With the pictures set aside, write out all of the data exactly as it stands.

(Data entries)
---

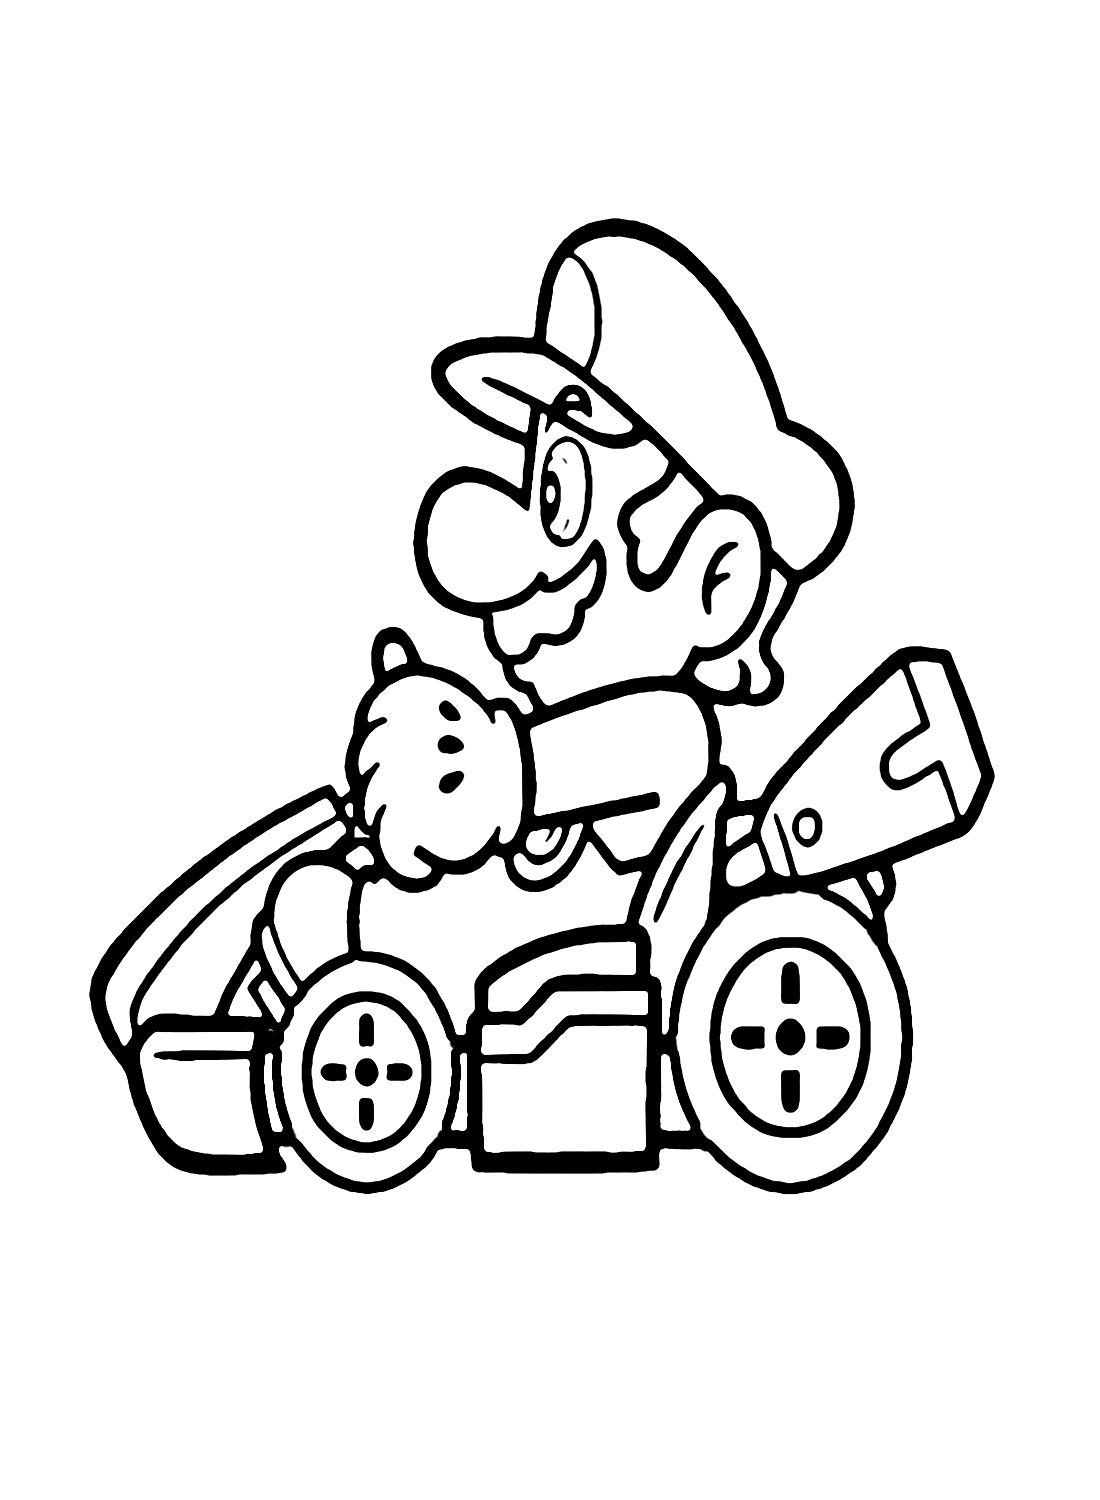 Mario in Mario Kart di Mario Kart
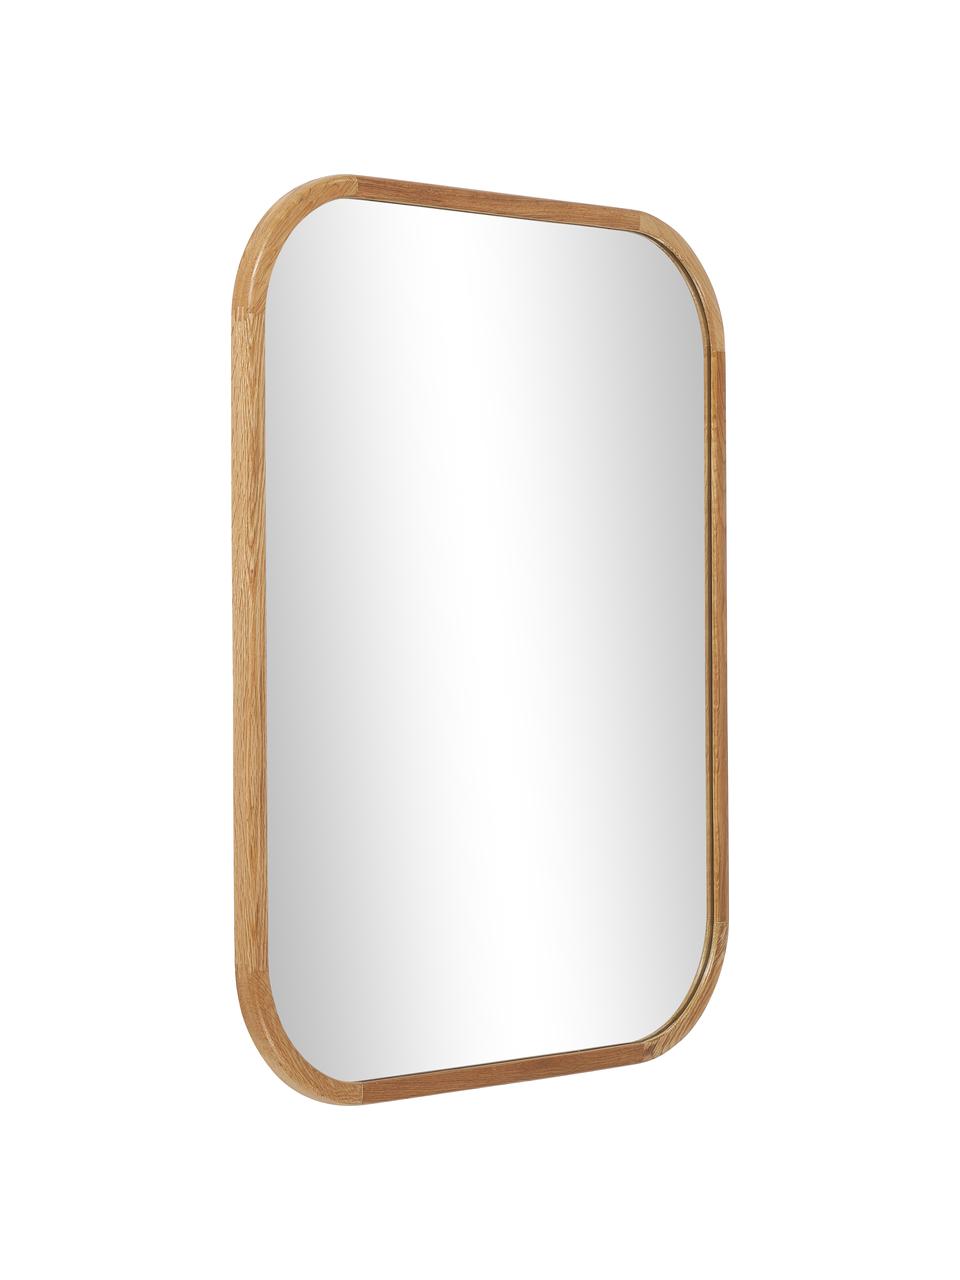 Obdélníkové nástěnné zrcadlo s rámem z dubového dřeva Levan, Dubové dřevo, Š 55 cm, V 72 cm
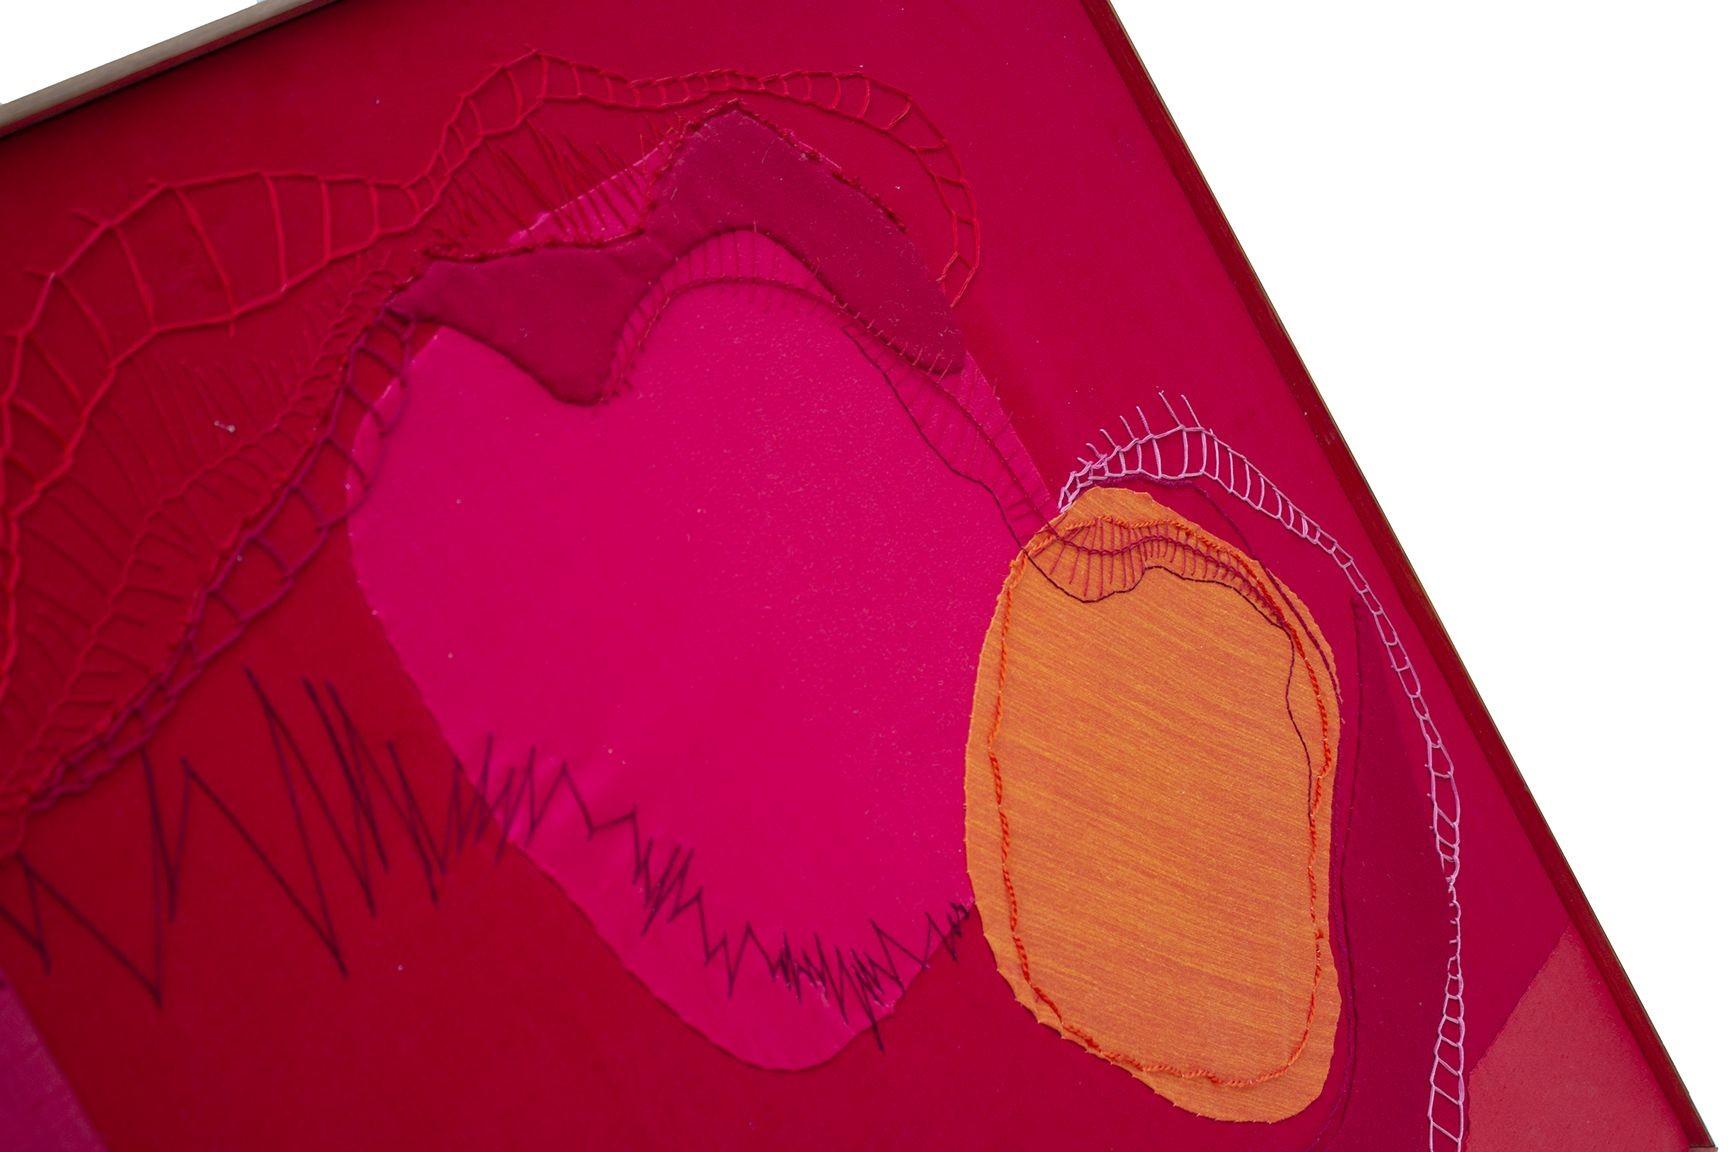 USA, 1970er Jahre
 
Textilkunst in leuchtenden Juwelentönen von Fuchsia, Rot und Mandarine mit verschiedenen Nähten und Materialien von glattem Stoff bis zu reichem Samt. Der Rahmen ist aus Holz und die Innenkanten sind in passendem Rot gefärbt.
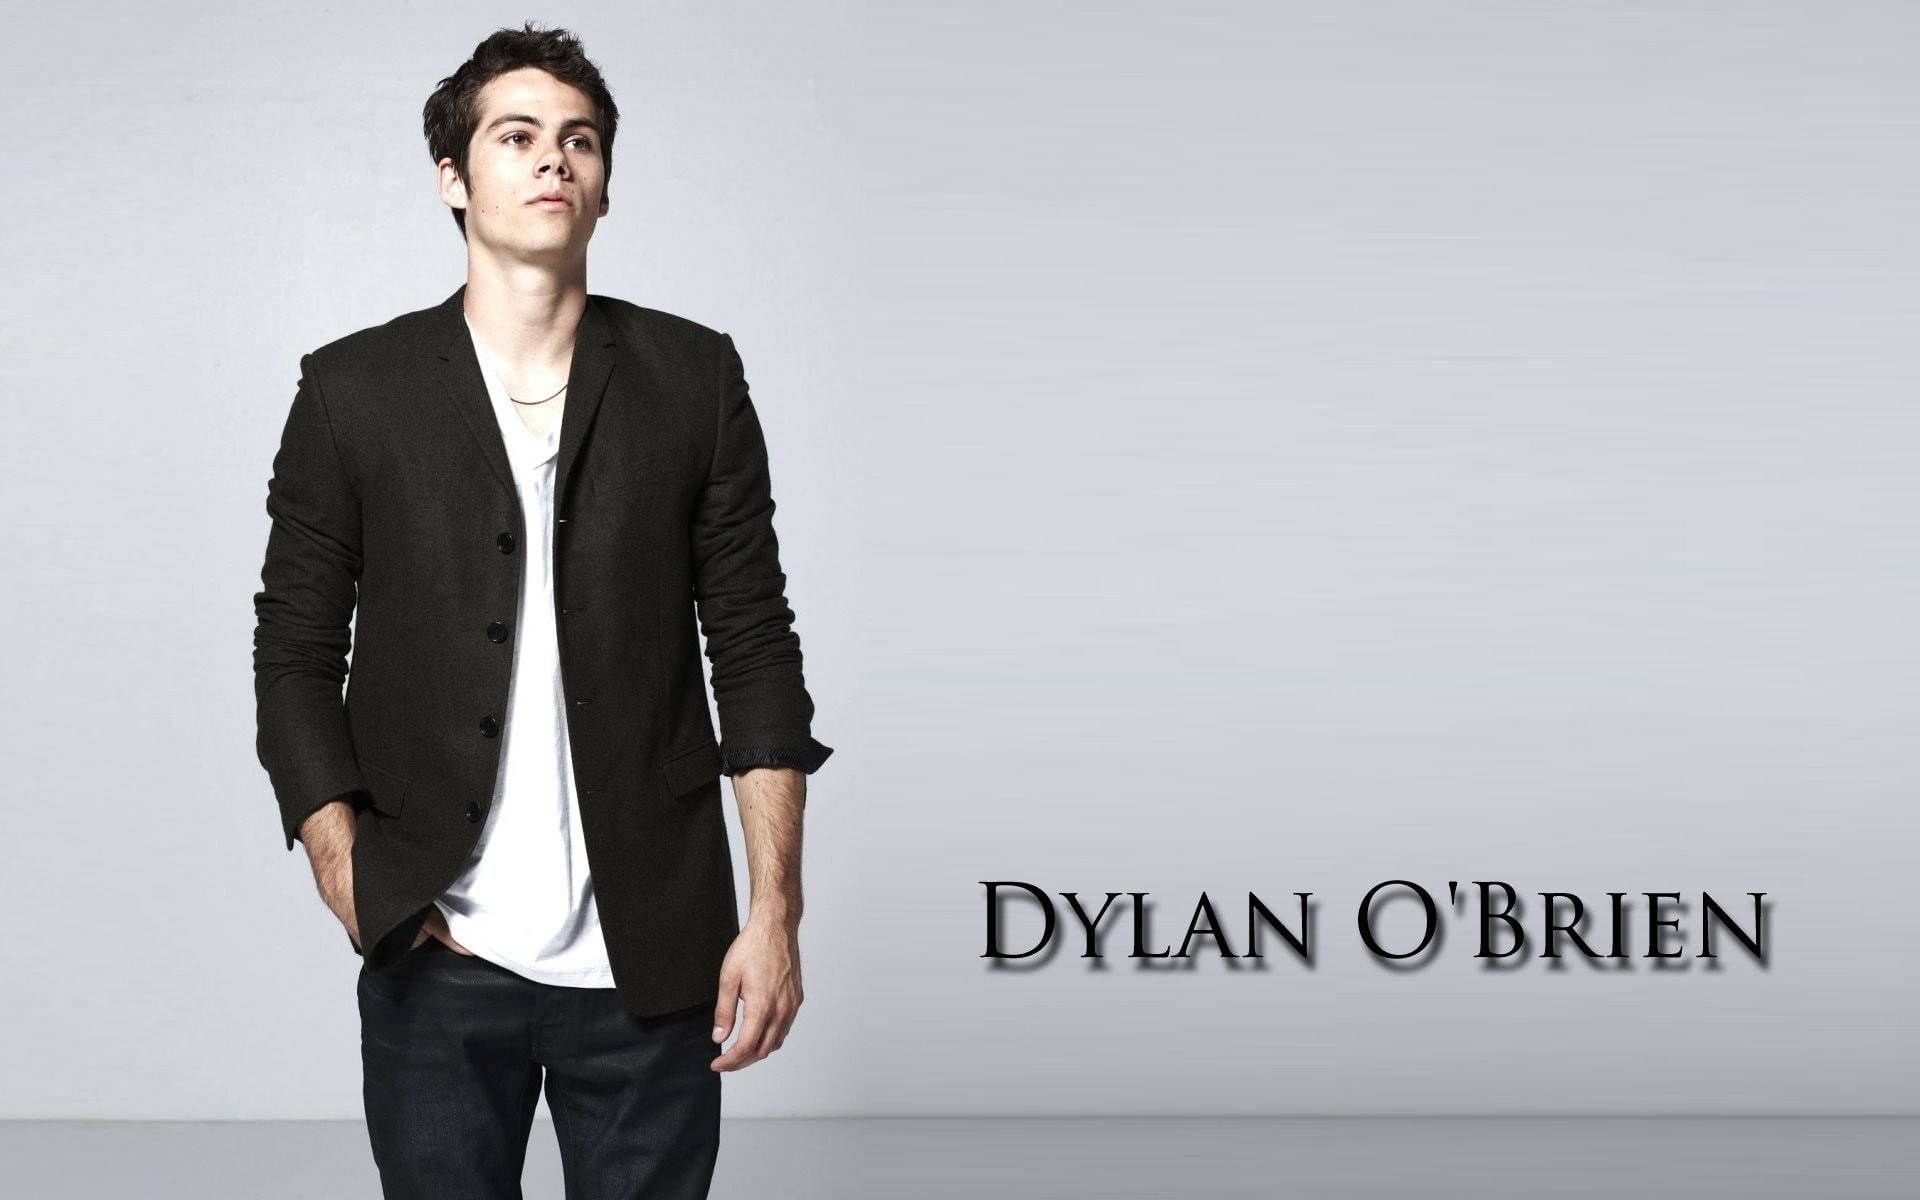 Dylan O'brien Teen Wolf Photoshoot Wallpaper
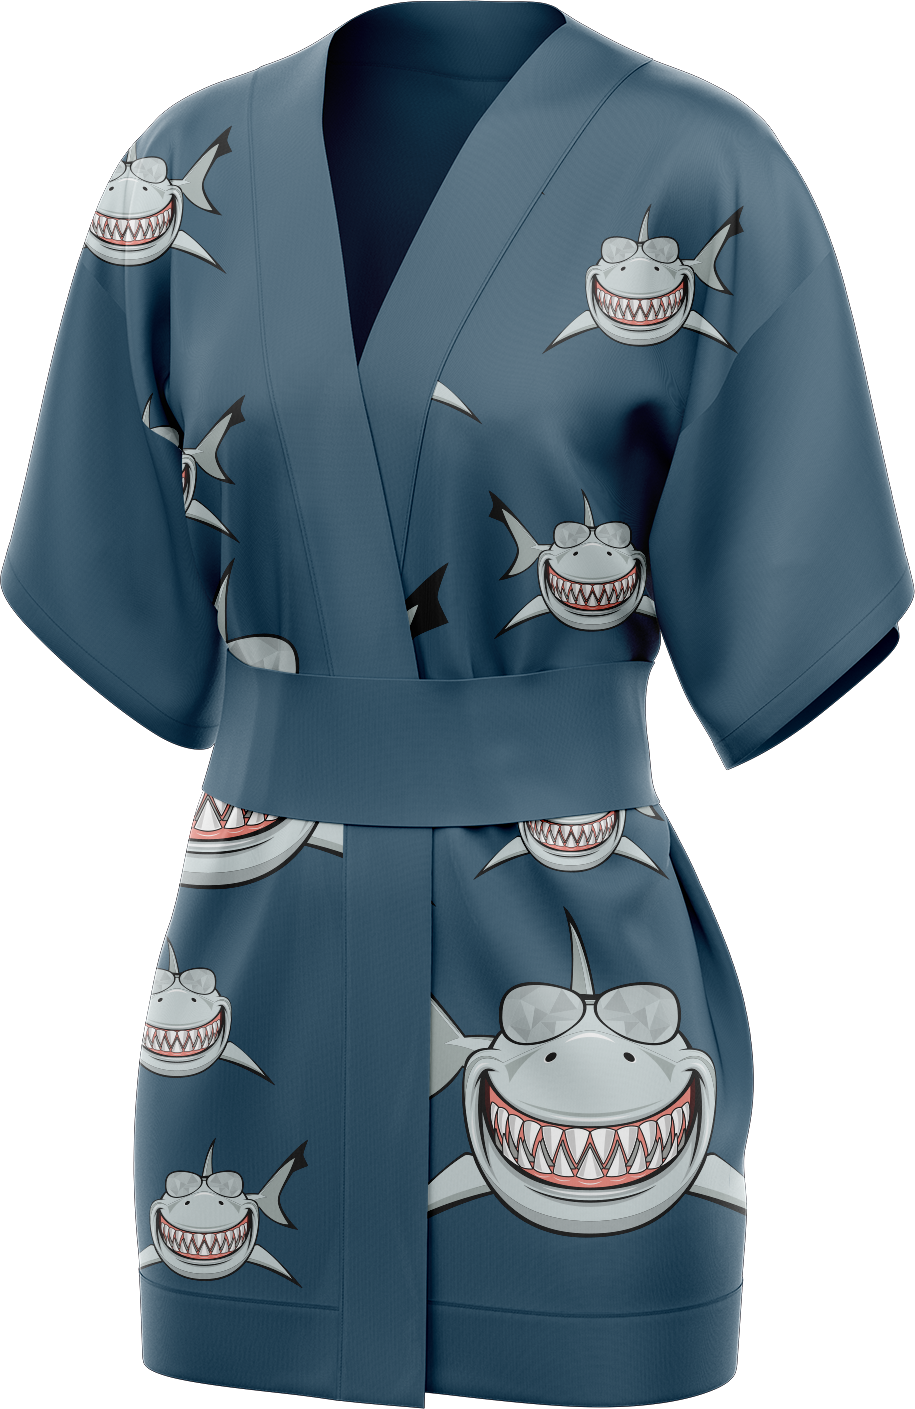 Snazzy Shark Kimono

---

> TASK OUTPUT:
 Mario in Mario Kart di Mario Kart
 Obdélníkové nástěnné zrcadlo s rámem z dubového dřeva Levan, Dubové dřevo, Š 55 cm, V 72 cm
 USA, 1970er Jahre
 
Textilkunst in leuchtenden Juwelentönen von Fuchsia, Rot und Mandarine mit verschiedenen Nähten und Materialien von glattem Stoff bis zu reichem Samt. Der Rahmen ist aus Holz und die Innenkanten sind in passendem Rot gefärbt.
 Dylan O'brien Teen Wolf Photoshoot Wallpaper
 Snazzy Shark Kimono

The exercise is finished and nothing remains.